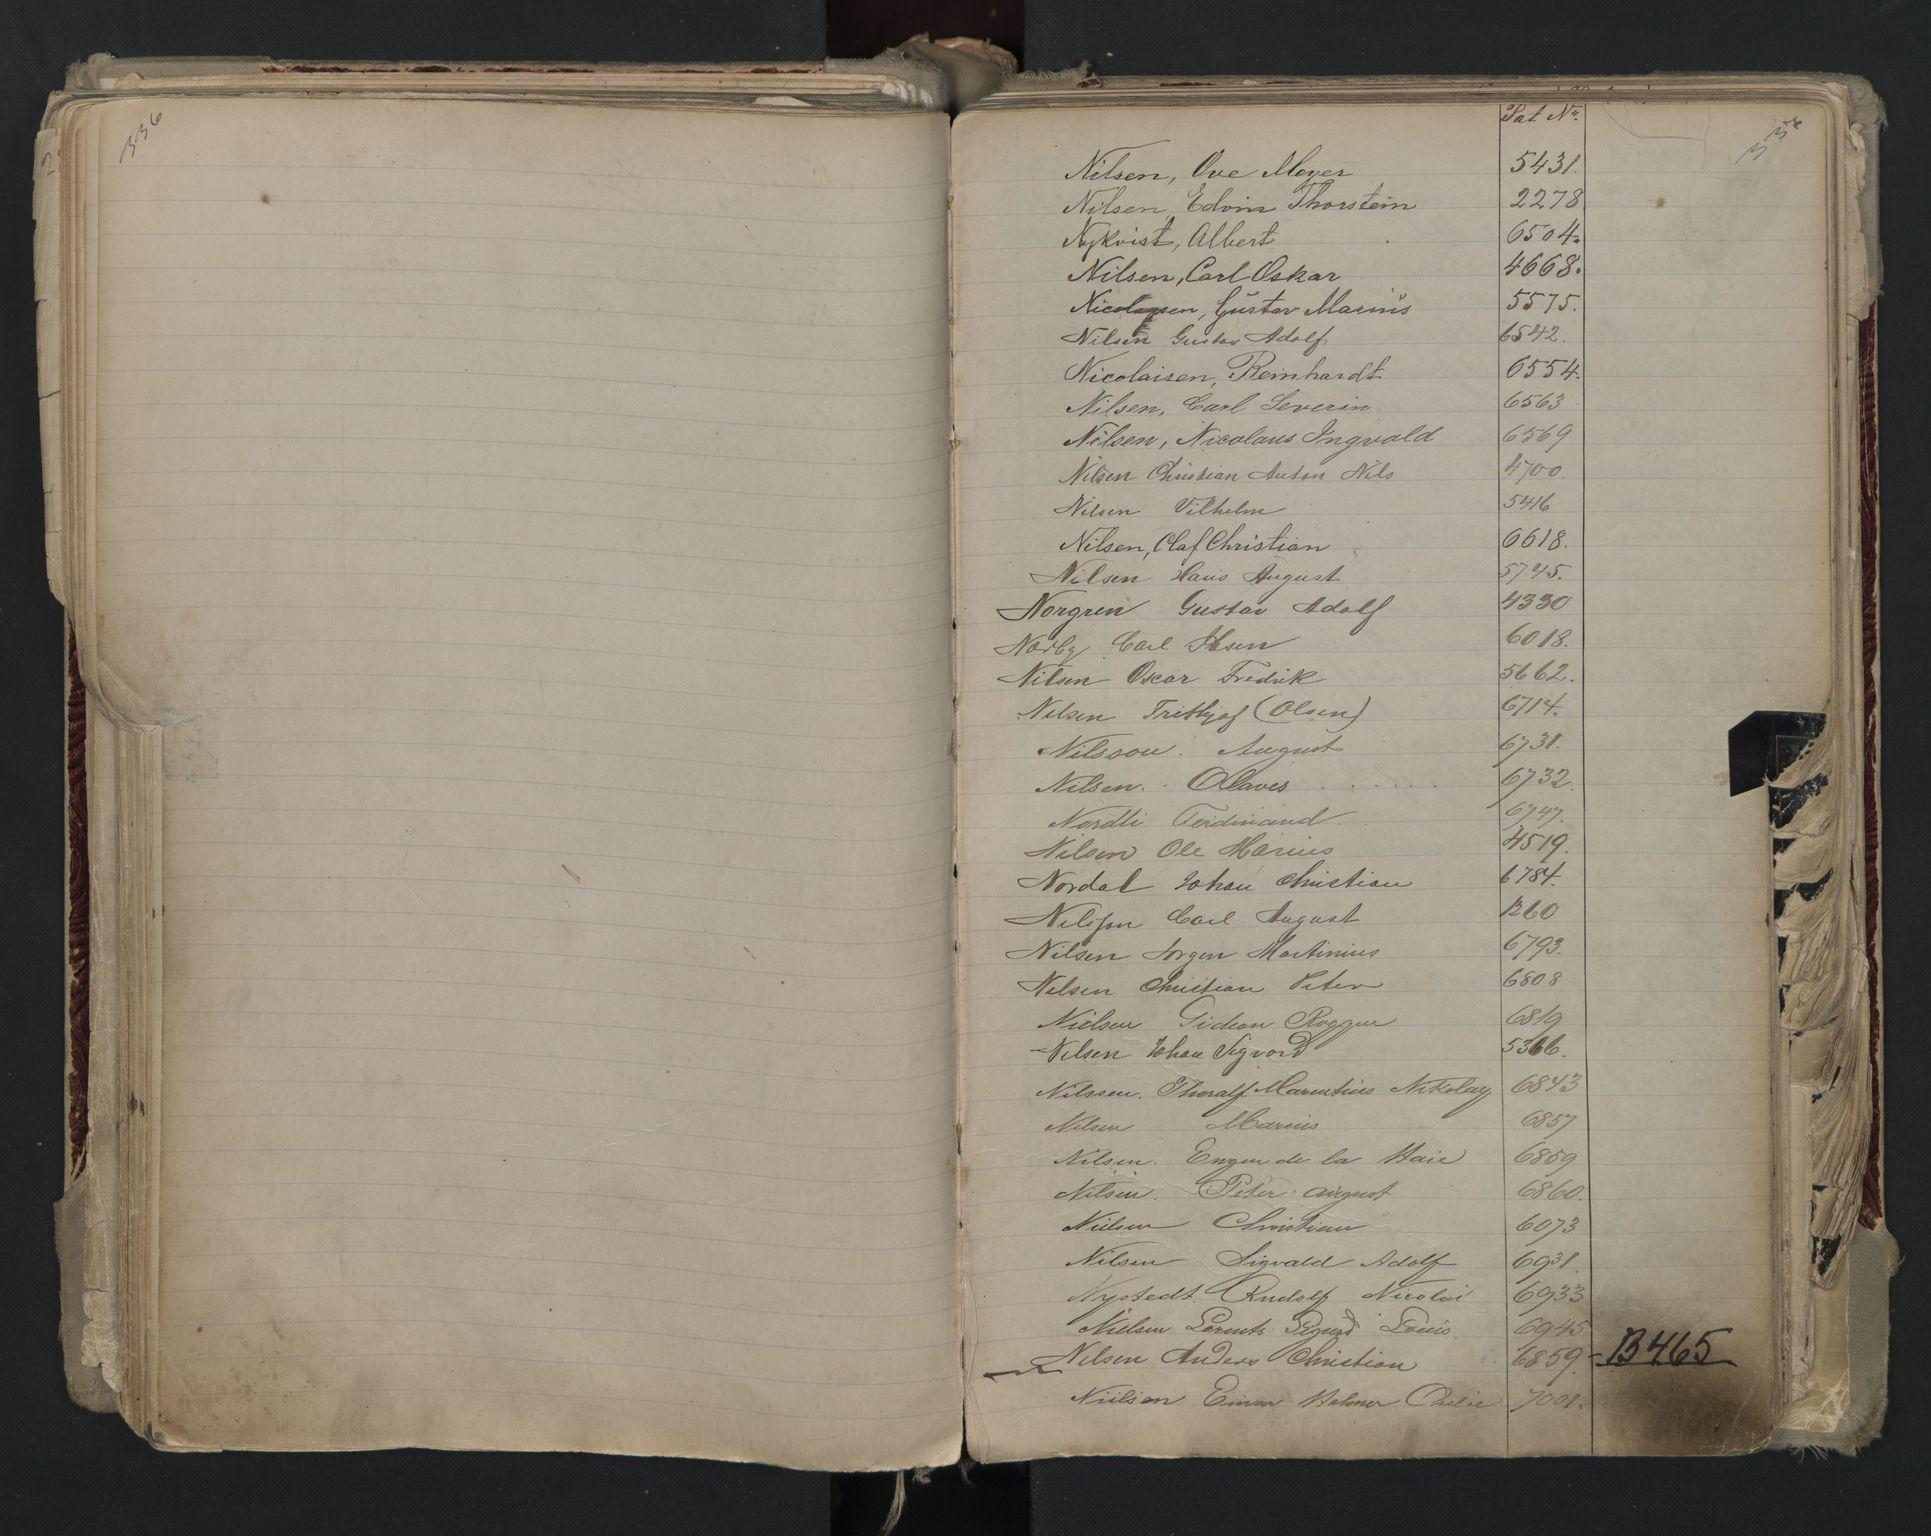 SAO, Oslo sjømannskontor, F/Fa/L0002: Register for Kristiania krets, 1866-1930, s. 336-337
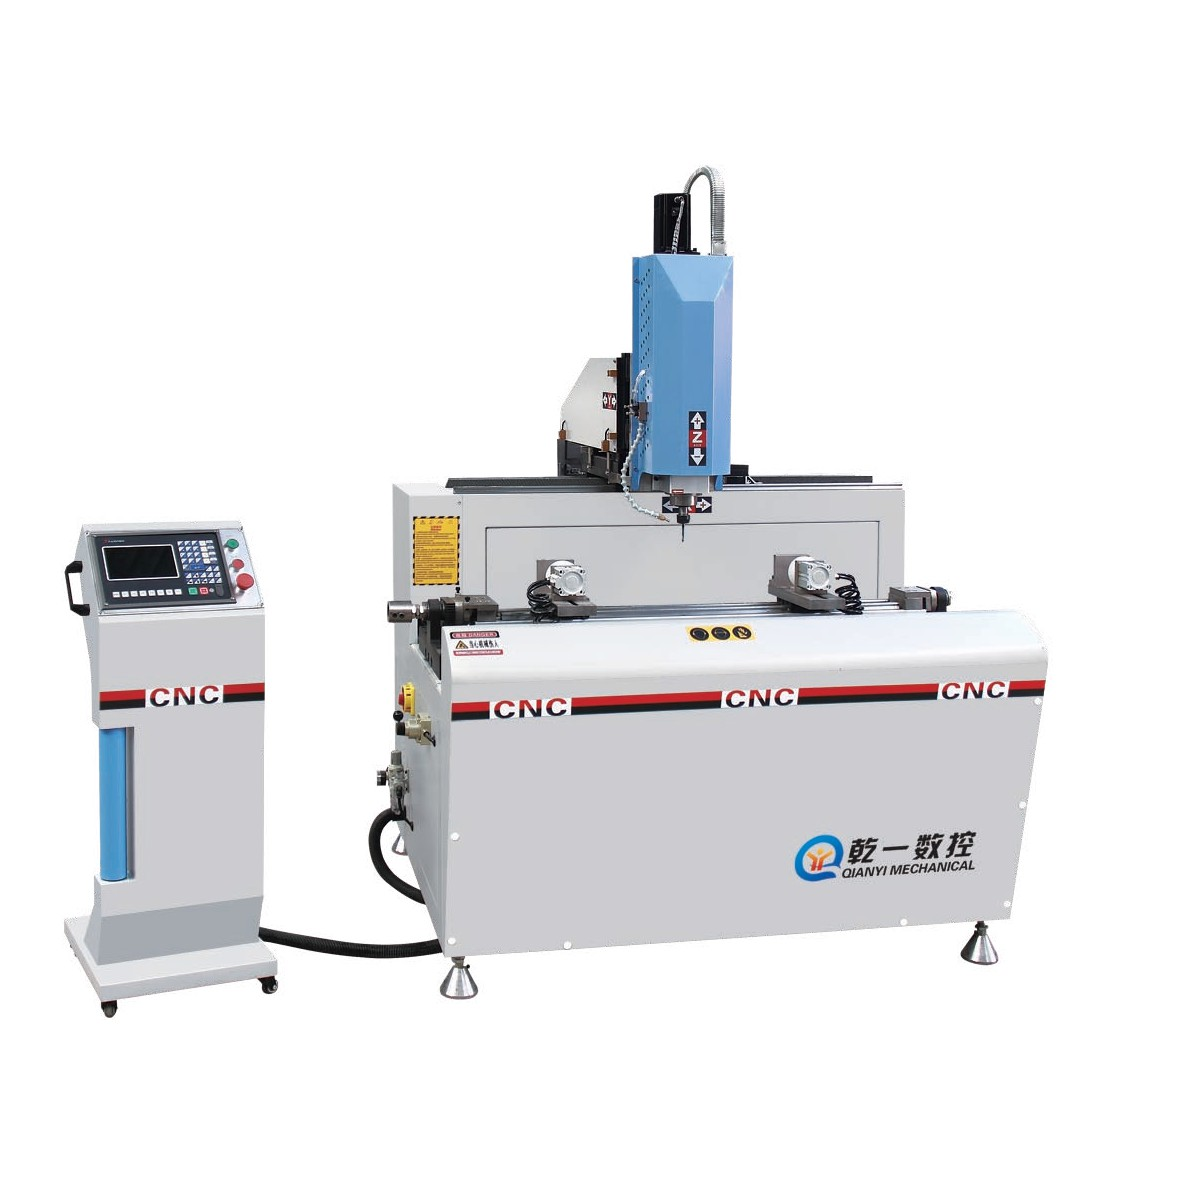 SKX3+1-CNC-800 铝型材3+1轴数控钻铣床(伺服步进可定制)
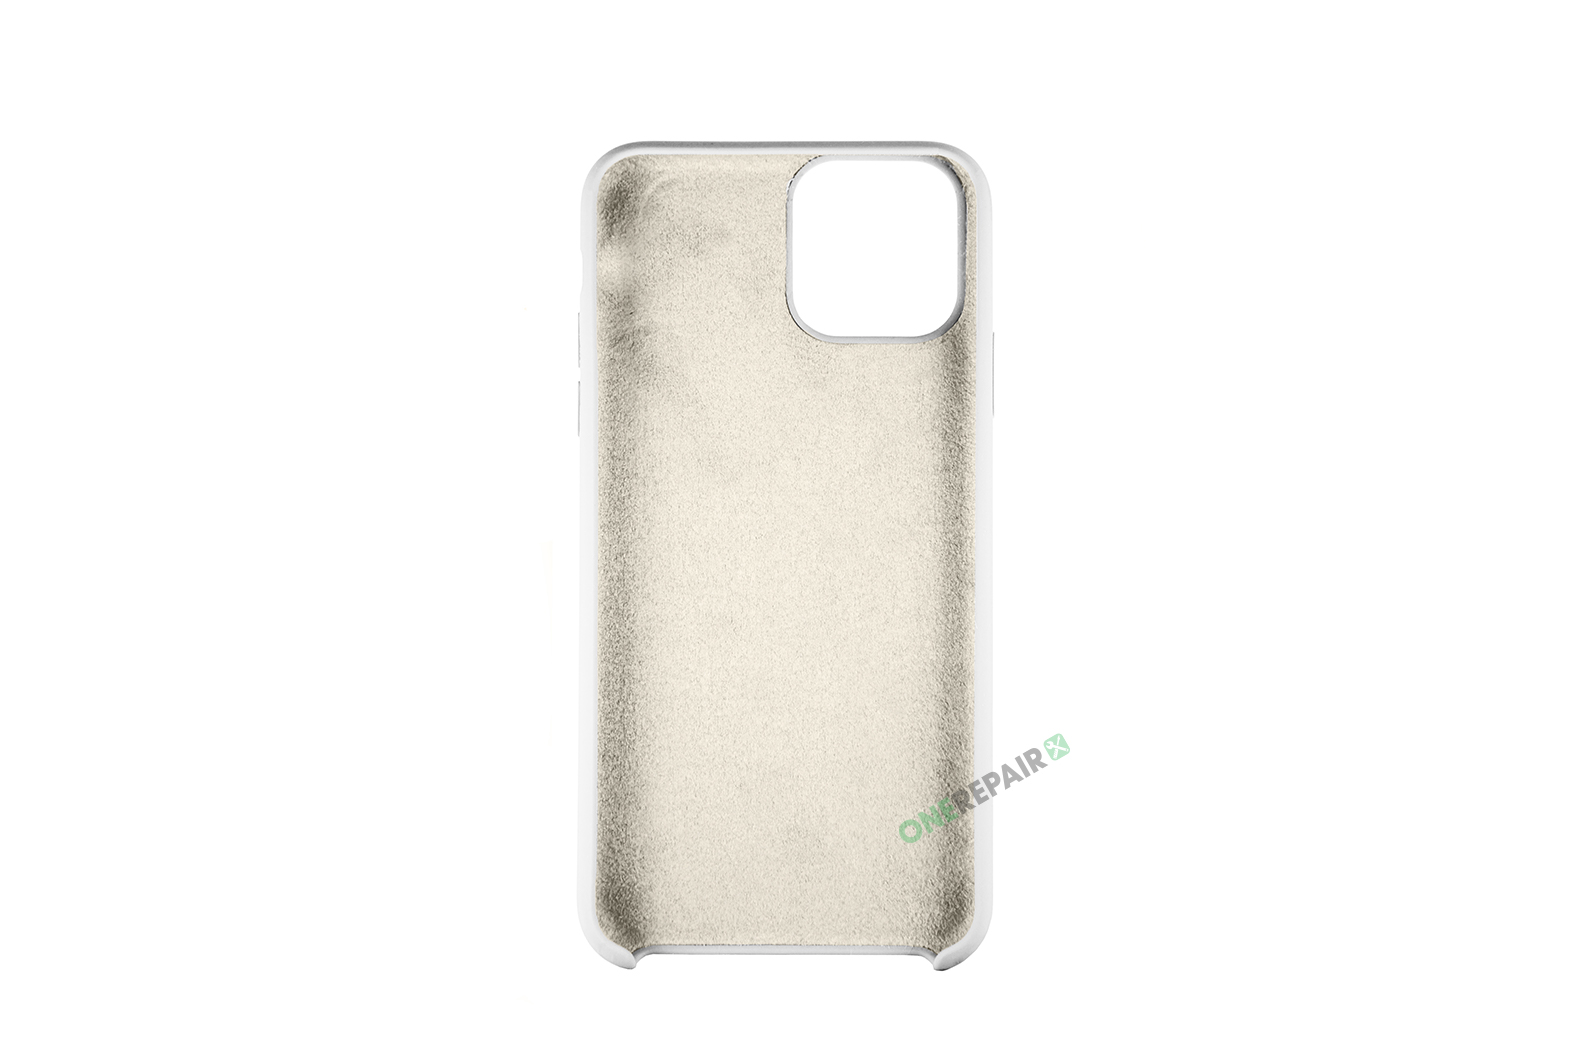 353778-002_iPhone_11_pro_silikone_cover_blaa_OneRepair_00002
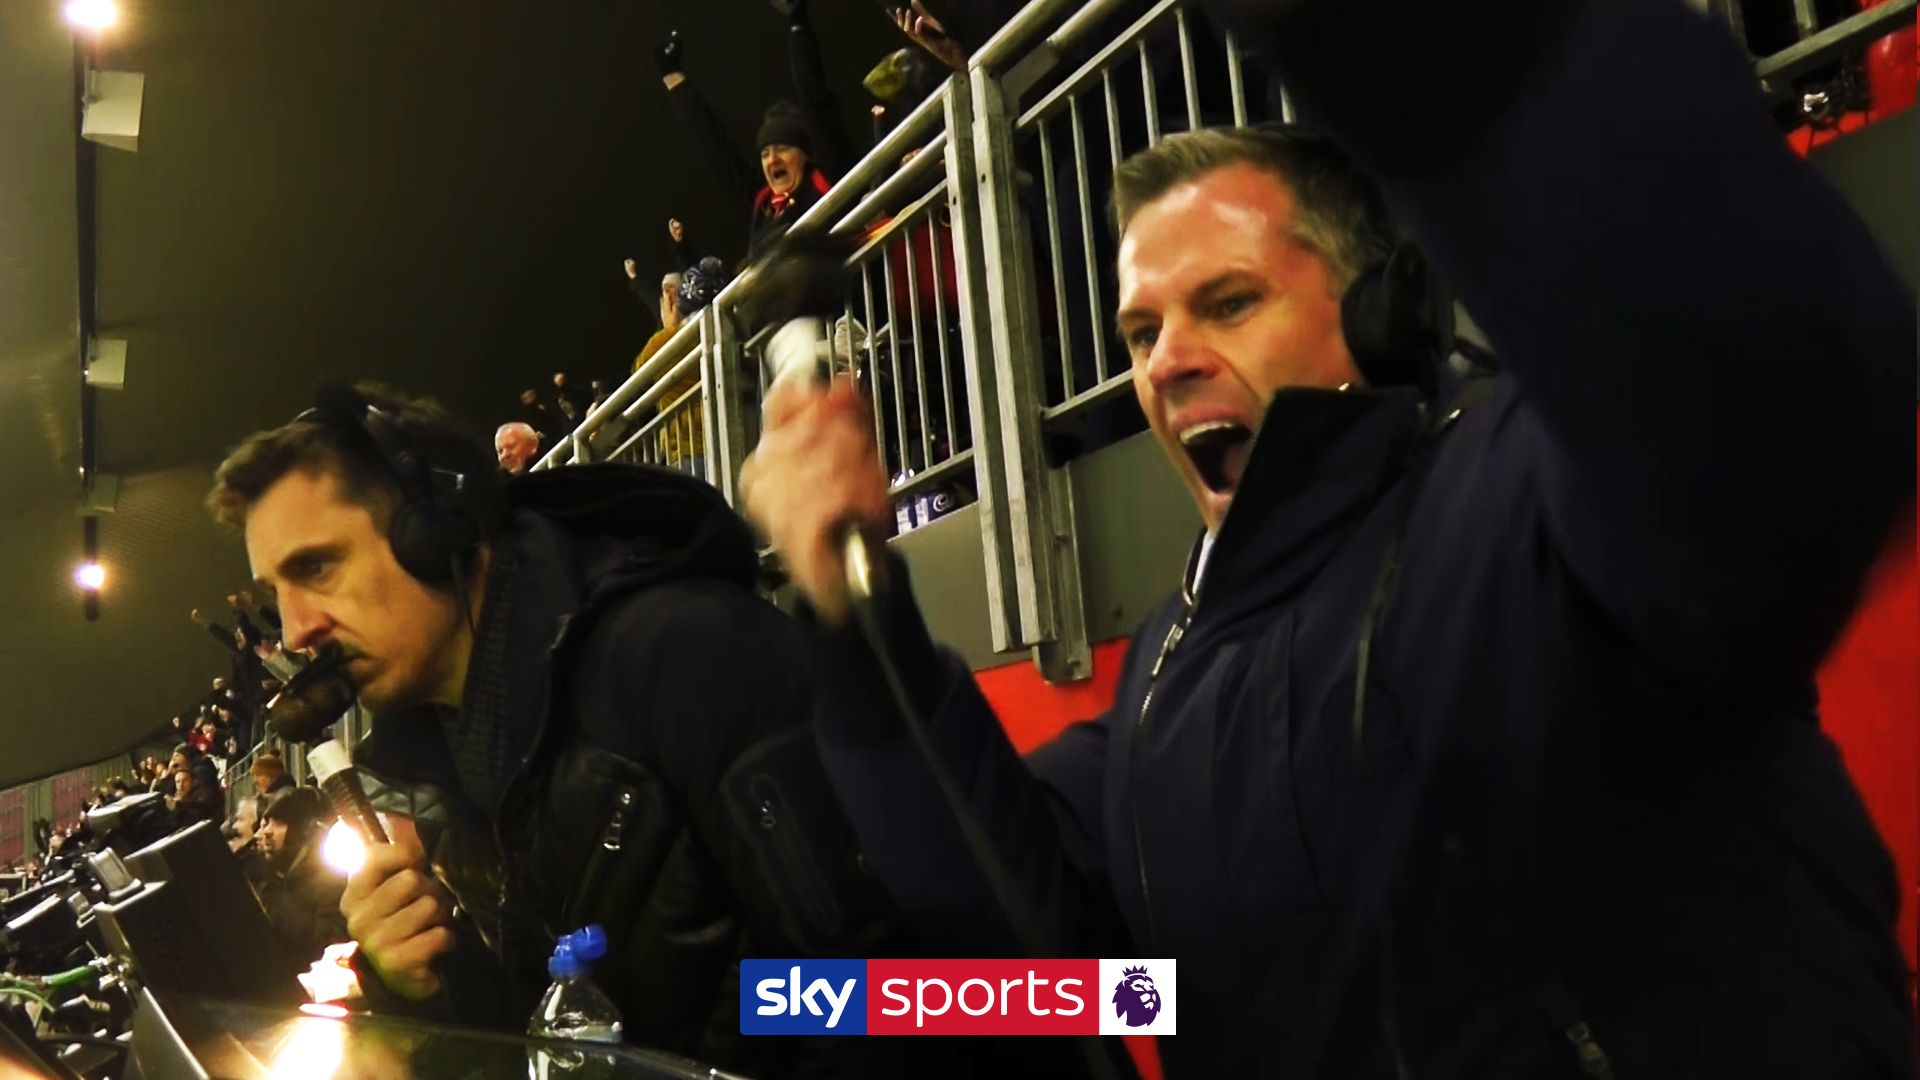 Liverpool vs Man Utd: The best videos

**PROMPT:**
Give the preceding data back exactly, minus every picture.

**EXERCISE ANSWER:**
 SAO, Oslo sjømannskontor, F/Fa/L0002: Register for Kristiania krets, 1866-1930, s. 336-337
 SKX3+1-CNC-800 铝型材3+1轴数控钻铣床(伺服步进可定制)
 353778-002_iPhone_11_pro_silikone_cover_blaa_OneRepair_00002
 Liverpool vs Man Utd: The best videos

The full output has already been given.